* [INFORMATION SHOWN]:
== Segment start ==
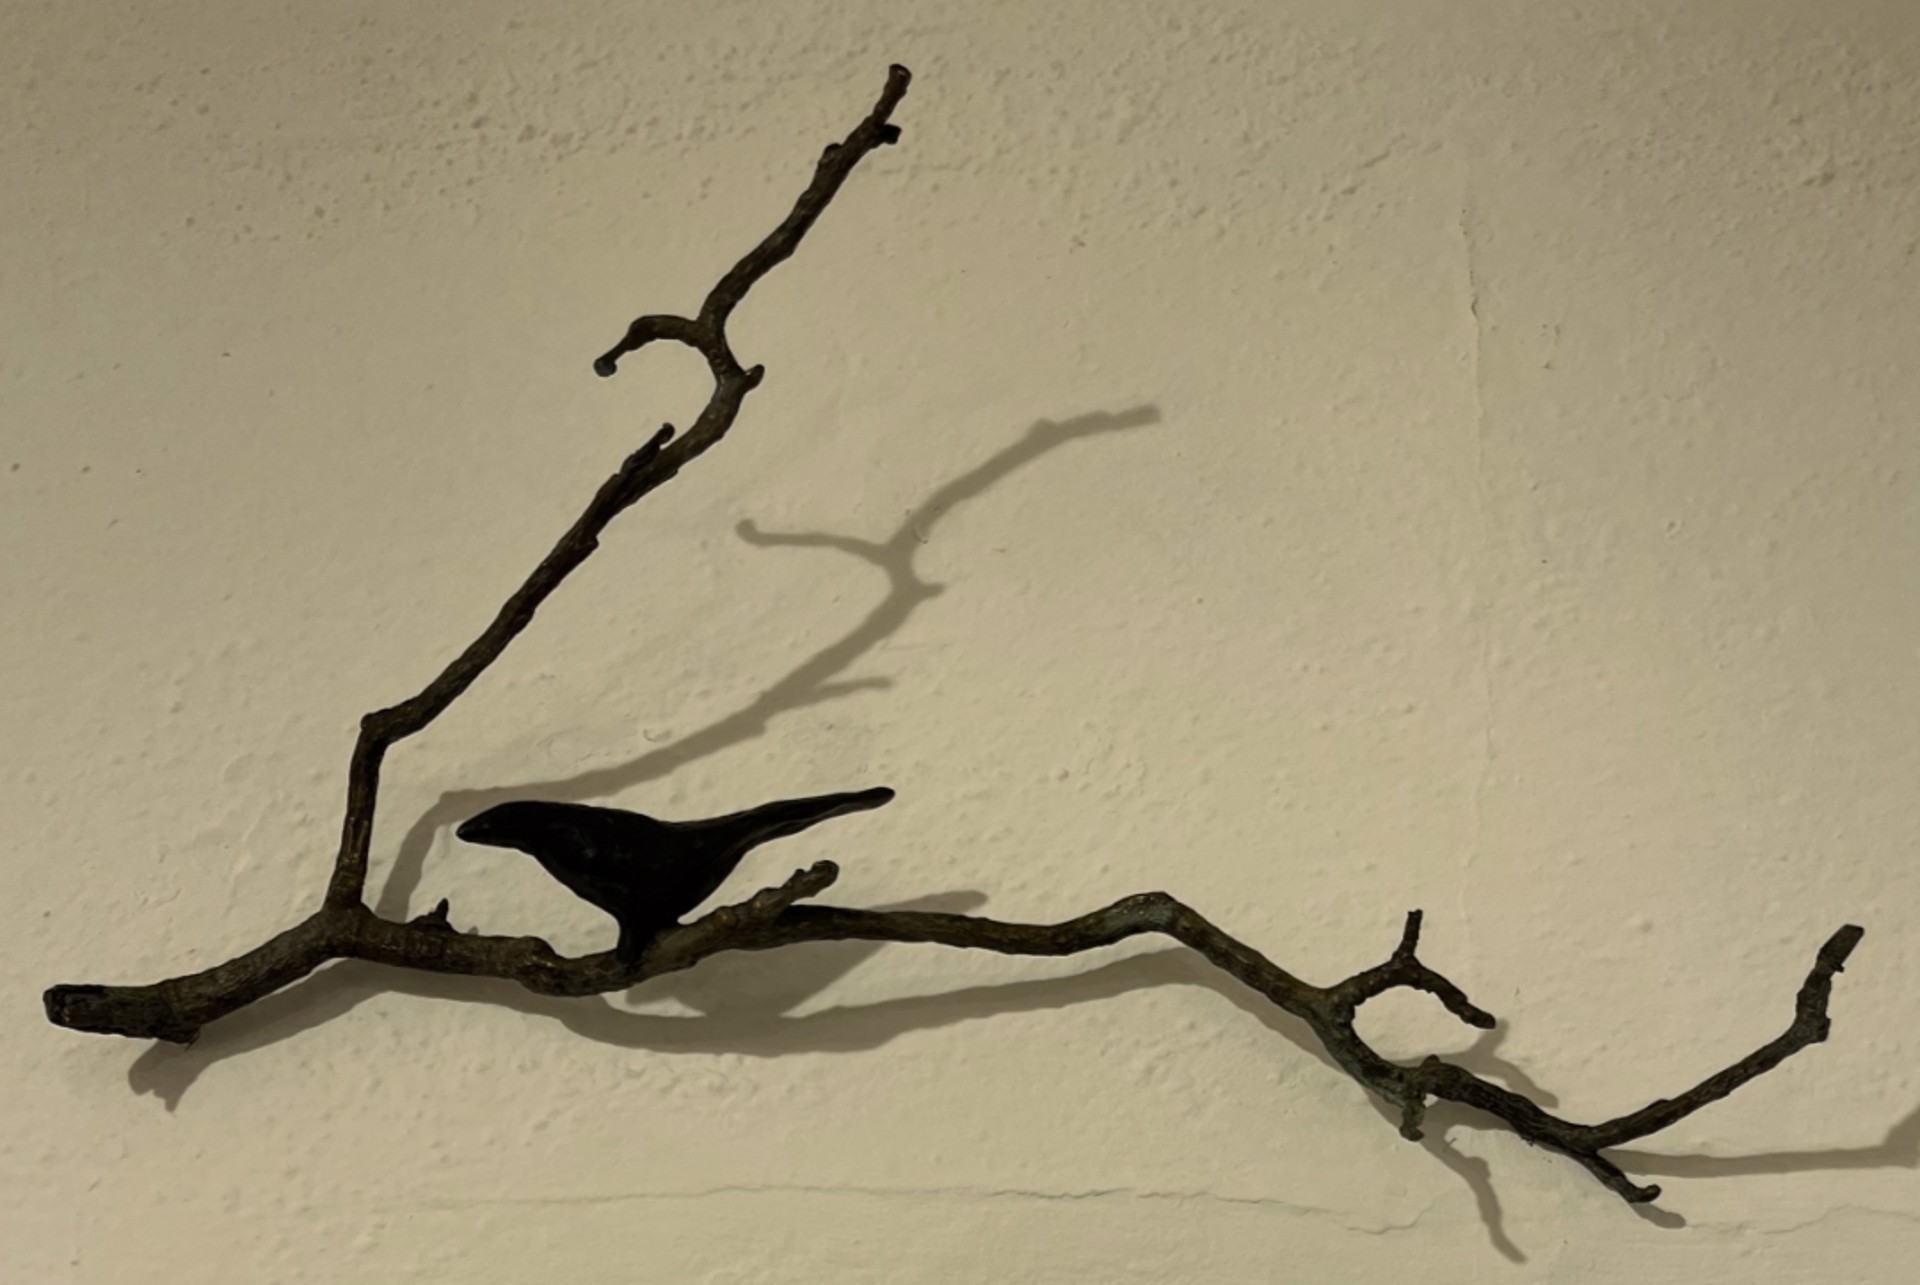 1 Blackbird on a Branch by Copper Tritscheller
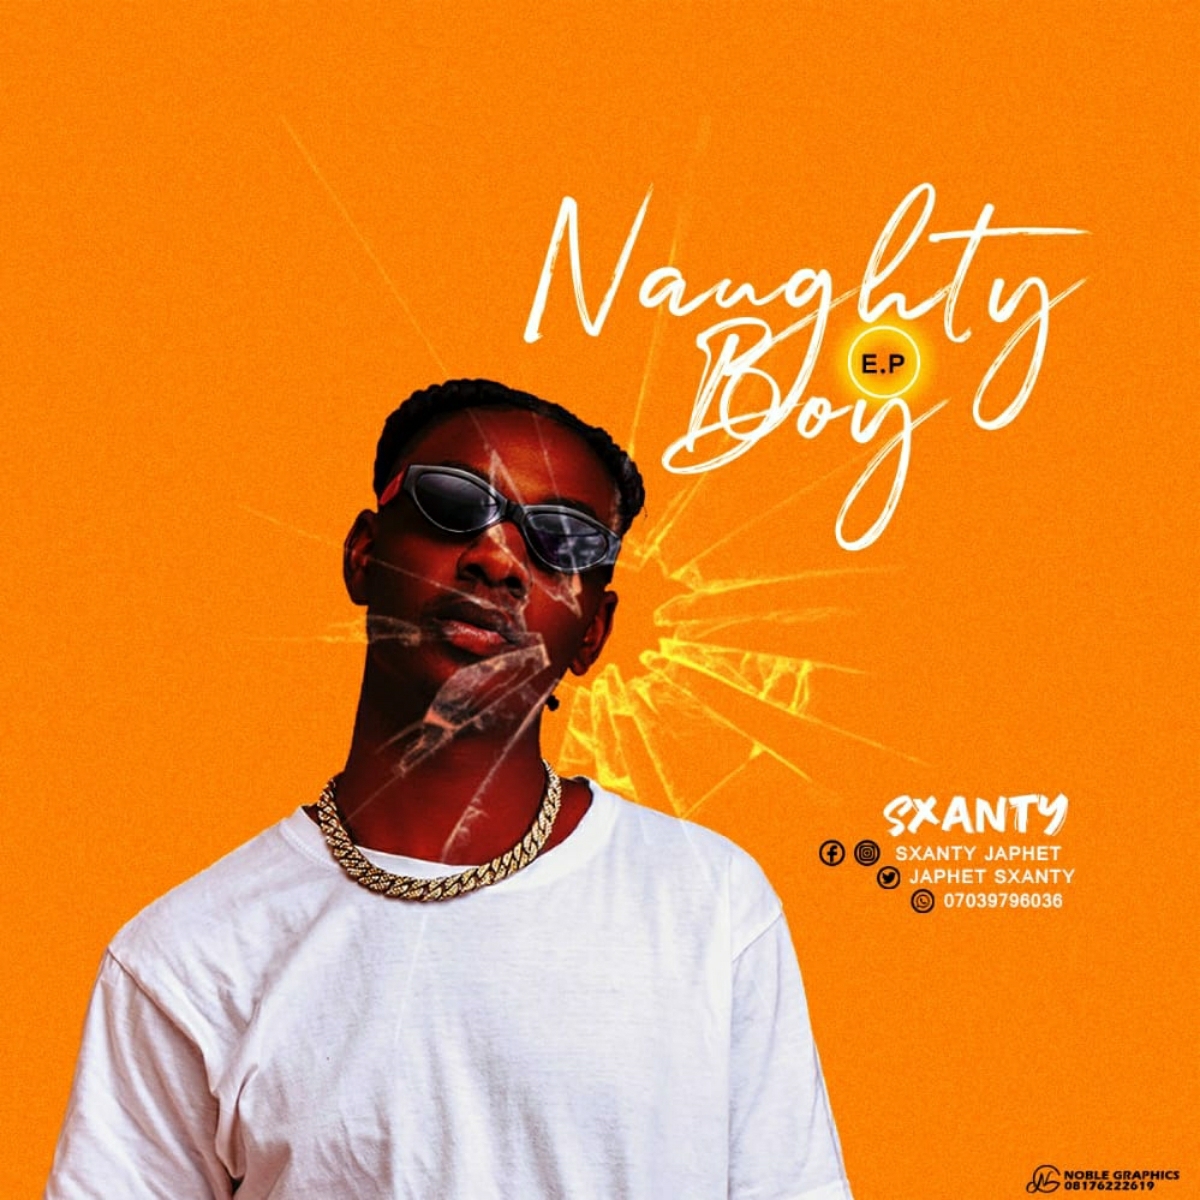 Sxanty – Naughty Boy EP
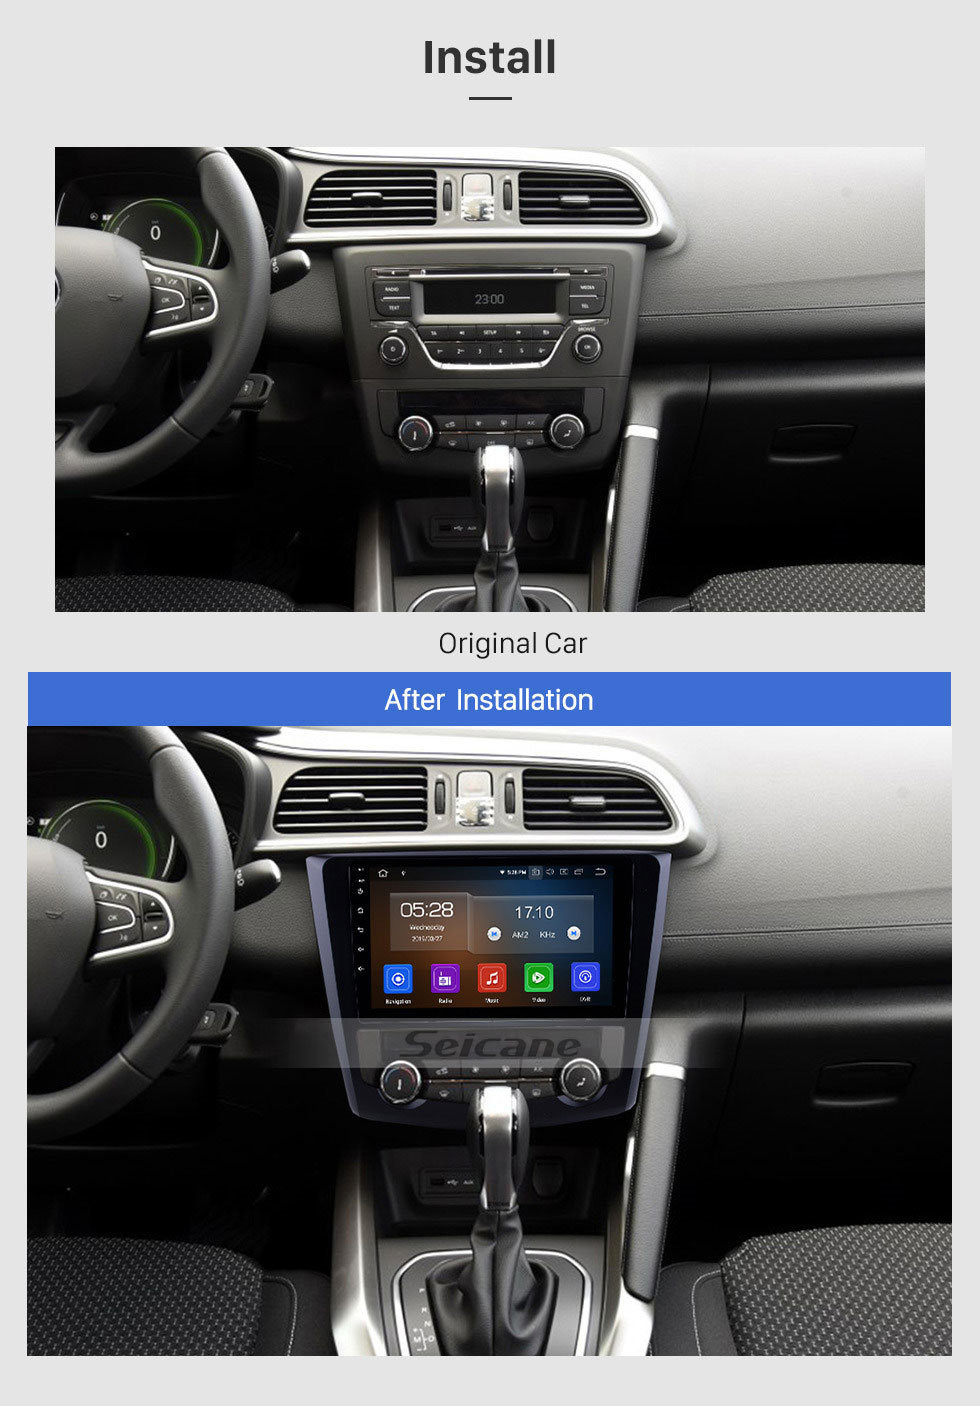 Seicane 9 polegada Android 11.0 HD Tela Sensível Ao Toque Do Carro unidade de Rádio Cabeça Estéreo para 2016-2017 Renault Kadjar Bluetooth Rádio WI-FI DVR Vídeo USB espelho link OBD2 Retrovisor câmera controle de volante
== Segment end ==
* [REQUIREMENT]: Without any of its images, the data above should be returned exactly.

* [TASK RESPONSE]:
 1 Blackbird on a Branch by Copper Tritscheller
 Sxanty – Naughty Boy EP
 Seicane 9 polegada Android 11.0 HD Tela Sensível Ao Toque Do Carro unidade de Rádio Cabeça Estéreo para 2016-2017 Renault Kadjar Bluetooth Rádio WI-FI DVR Vídeo USB espelho link OBD2 Retrovisor câmera controle de volante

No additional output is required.